Michael Buskermolen

Personal information
- Full name: Michael Buskermolen
- Date of birth: 2 March 1972 (age 53)
- Place of birth: Leimuiden, Netherlands
- Height: 1.83 m (6 ft 0 in)
- Position(s): Midfielder

Youth career
- RKDES
- 1988–1990: AZ

Senior career*
- Years: Team / Apps / (Gls)
- 1990–2006: AZ / 399 / (52)

= Michael Buskermolen =

Dutch footballer

Michael Buskermolen (born 2 March 1972) is a Dutch former professional footballer who played for AZ for his entire professional career.

==Club career==
He spent all of his sixteen-year career at AZ, initially appearing for first team in the 1990–91 campaign. Buskermolen is also called "Mr. AZ" for his ultimate faithfulness.

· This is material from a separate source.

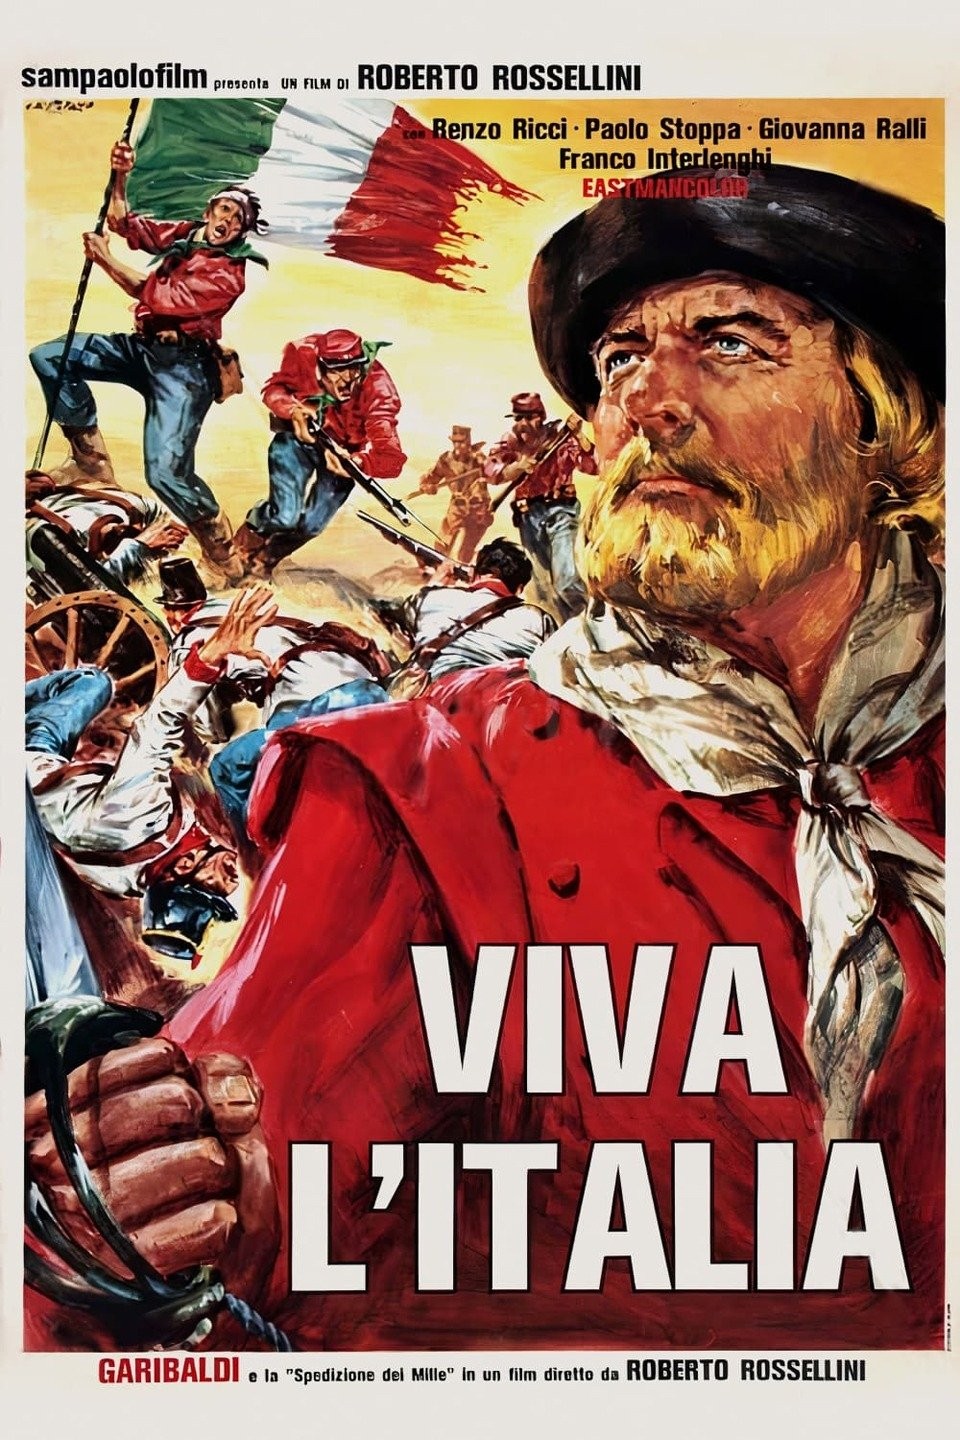 Viva l'italiano

A left-sided midfielder, Buskermolen played 399 league games for AZ following his debut and later worked in AZ's youth department. His final appearance was as a substitute in the 5-0 defeat of RBC Roosendaal on February 7, 2006.

==Personal life==
Buskermolen has lived almost his entire life in the village of Kudelstaart, where his father grew roses.
After retiring as a player, Buskermolen coached the AZ youth teams until 2015, when he finally decided to leave the club and start his own football school in Kudelstaart.